#### [Brief]
Your output should be the complete listing, word for word, with no pictures in it.

-------- Data section

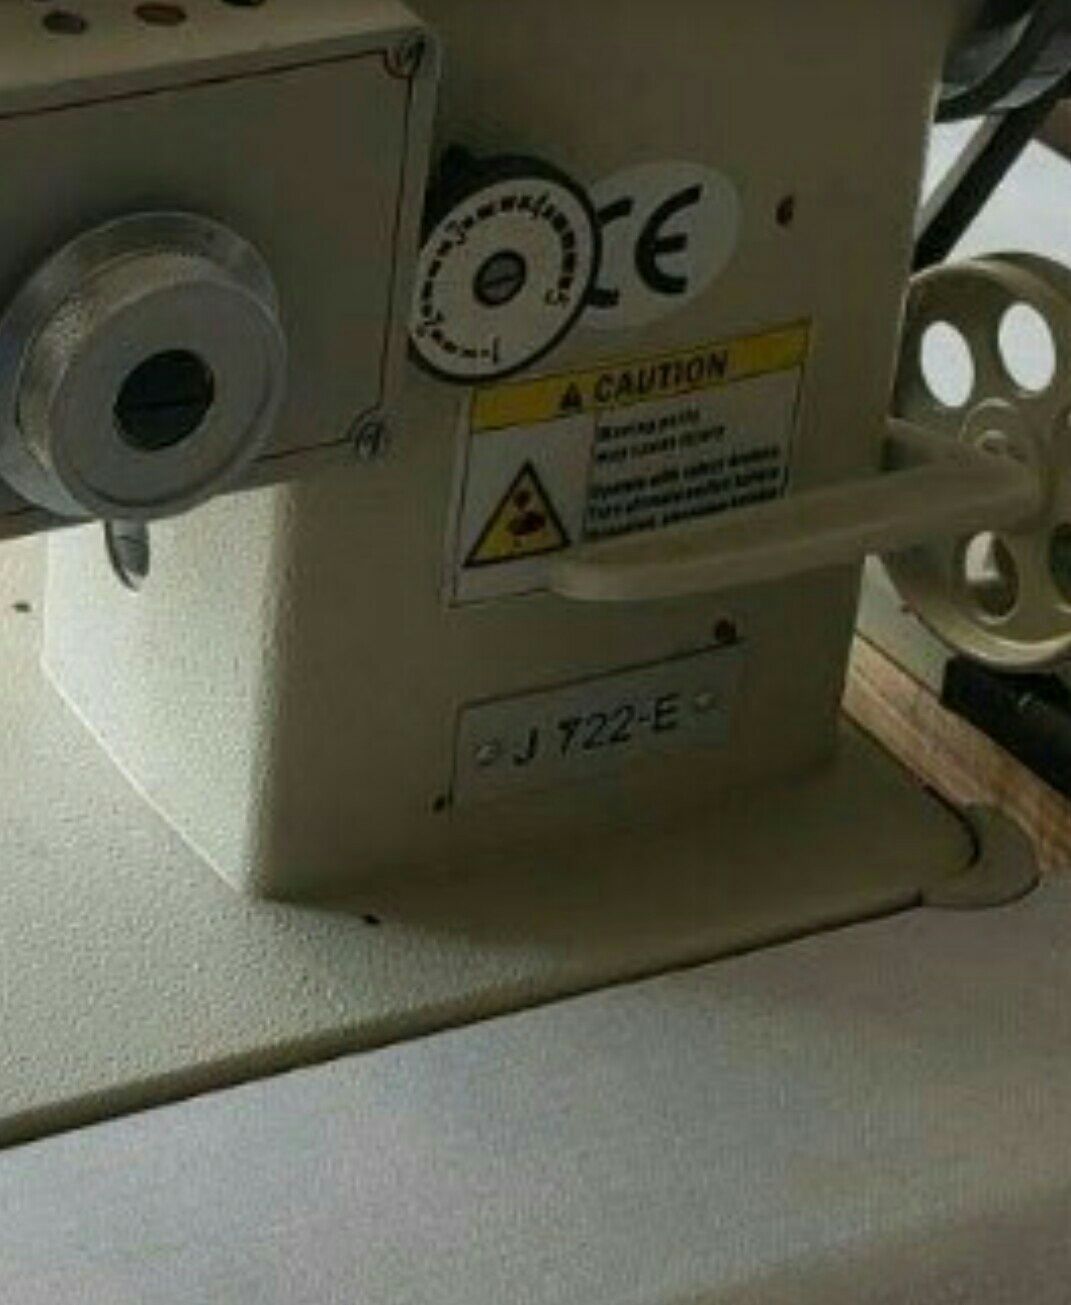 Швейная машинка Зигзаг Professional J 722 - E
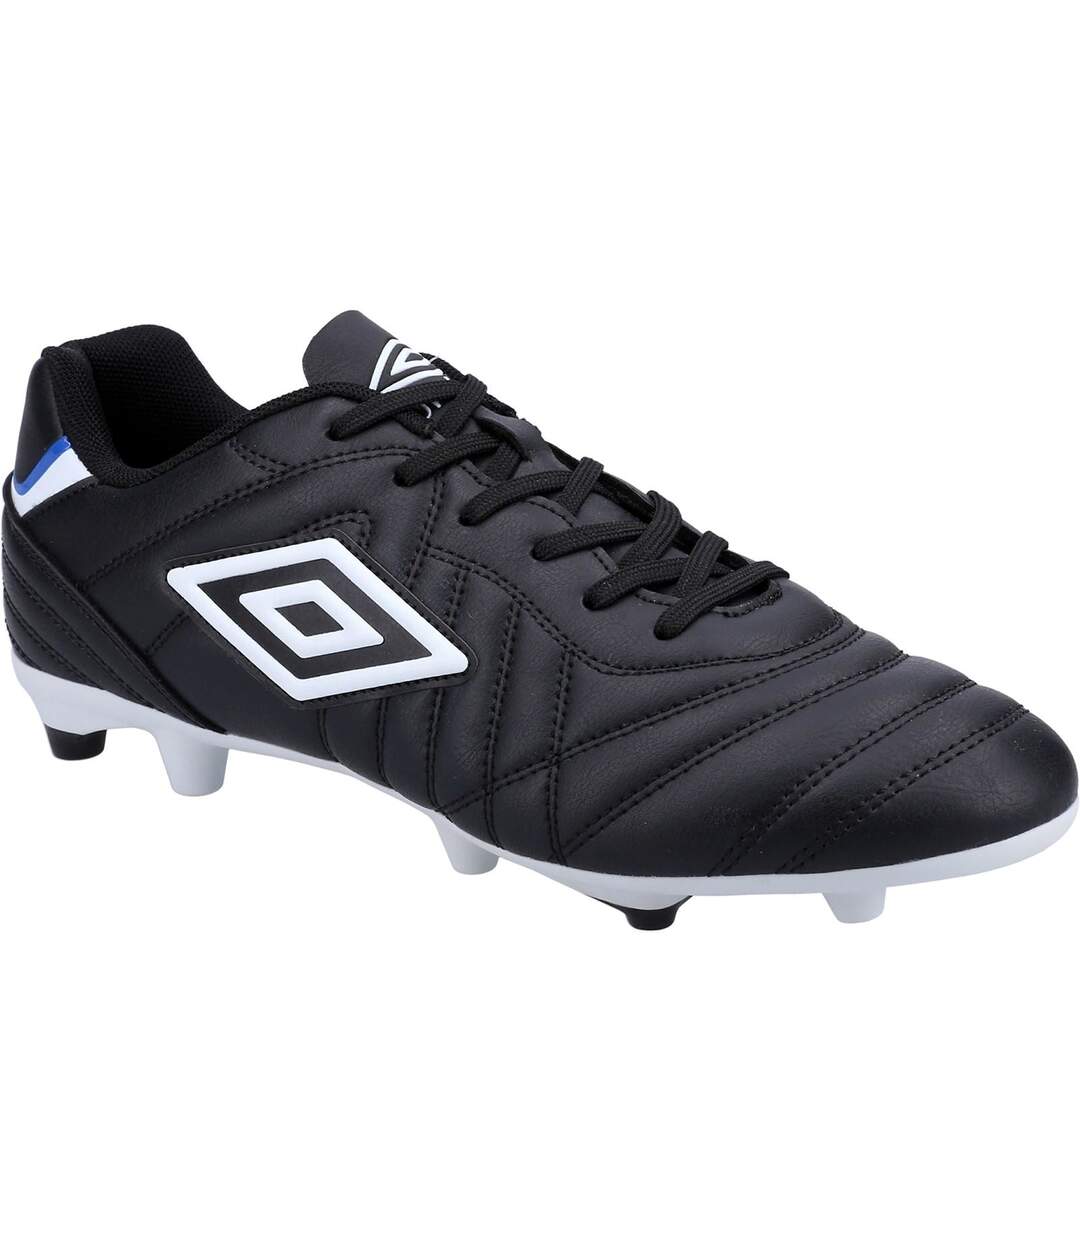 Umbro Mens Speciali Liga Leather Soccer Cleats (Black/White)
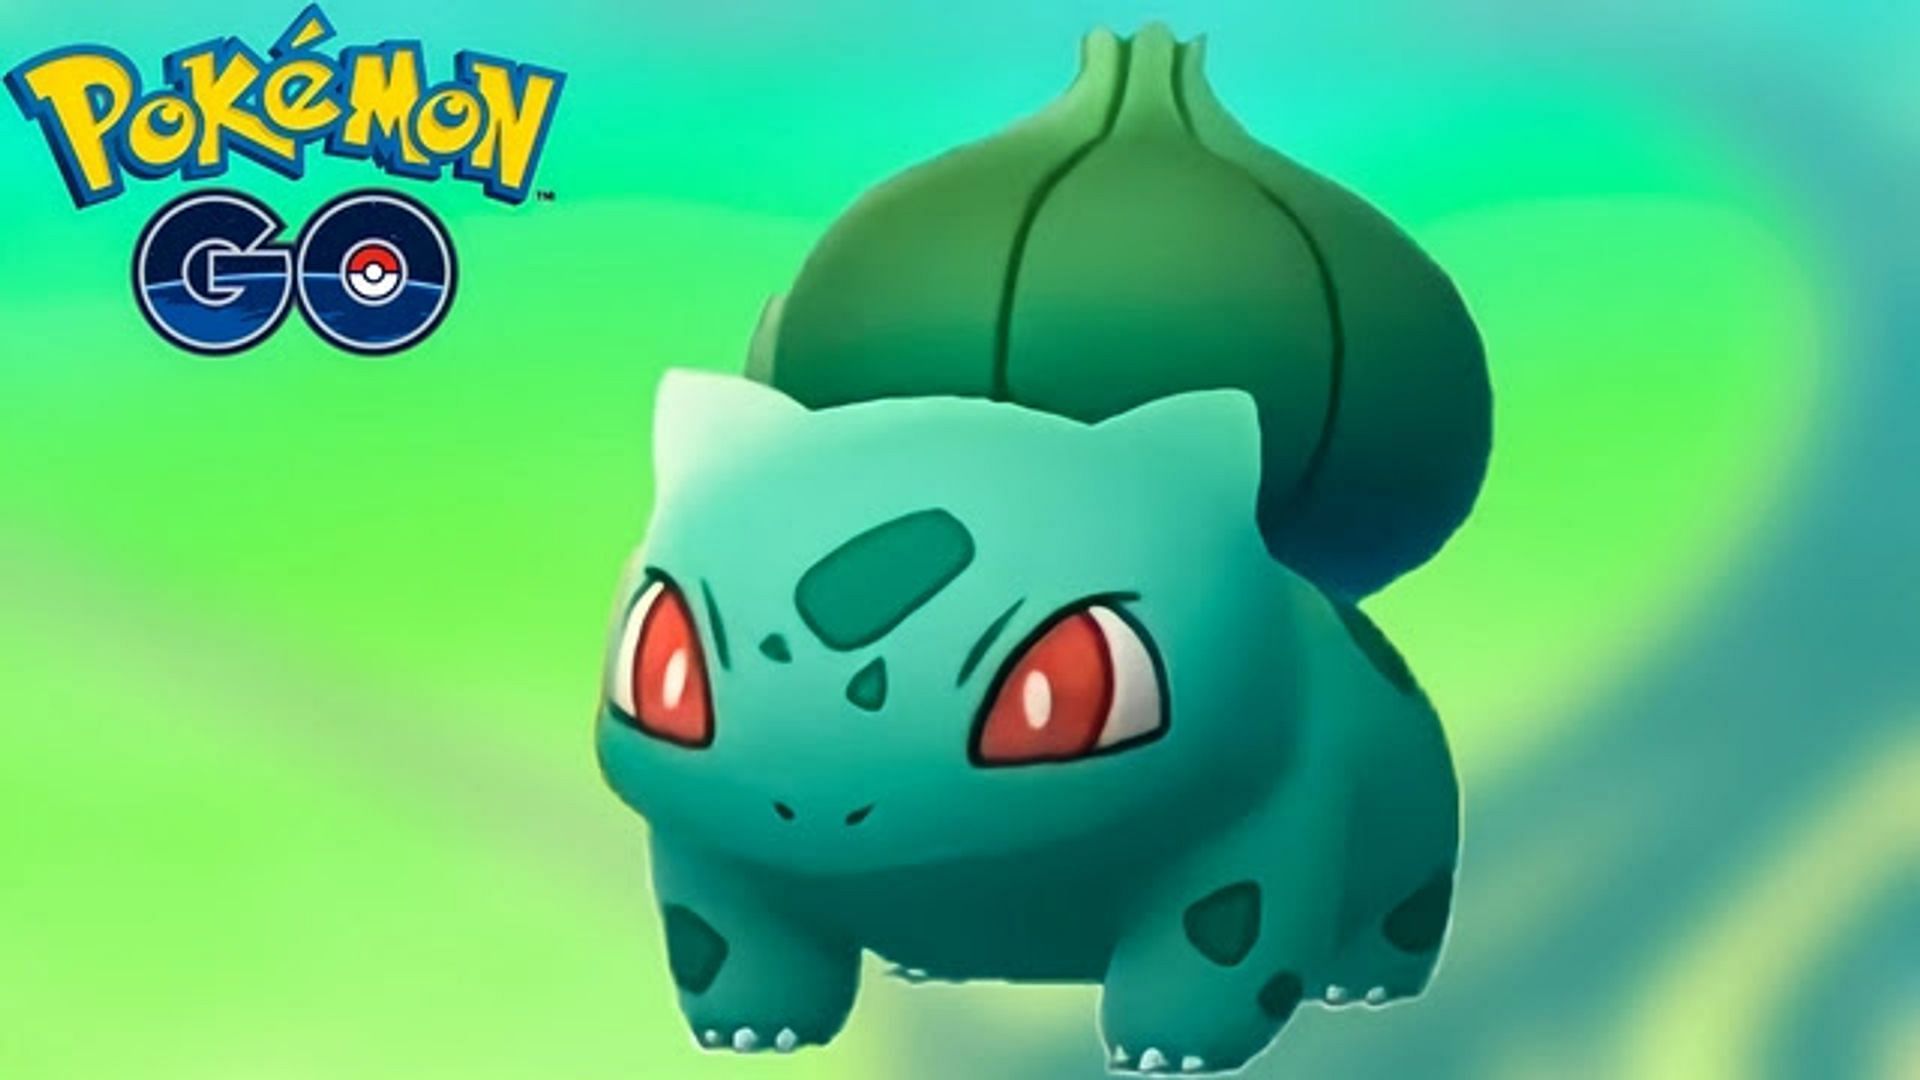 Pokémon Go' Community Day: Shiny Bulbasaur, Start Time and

----------------

#### [Task solution]
 Швейная машинка Зигзаг Professional J 722 - E
 Umbro Mens Speciali Liga Leather Soccer Cleats (Black/White)
 Pokémon Go' Community Day: Shiny Bulbasaur, Start Time and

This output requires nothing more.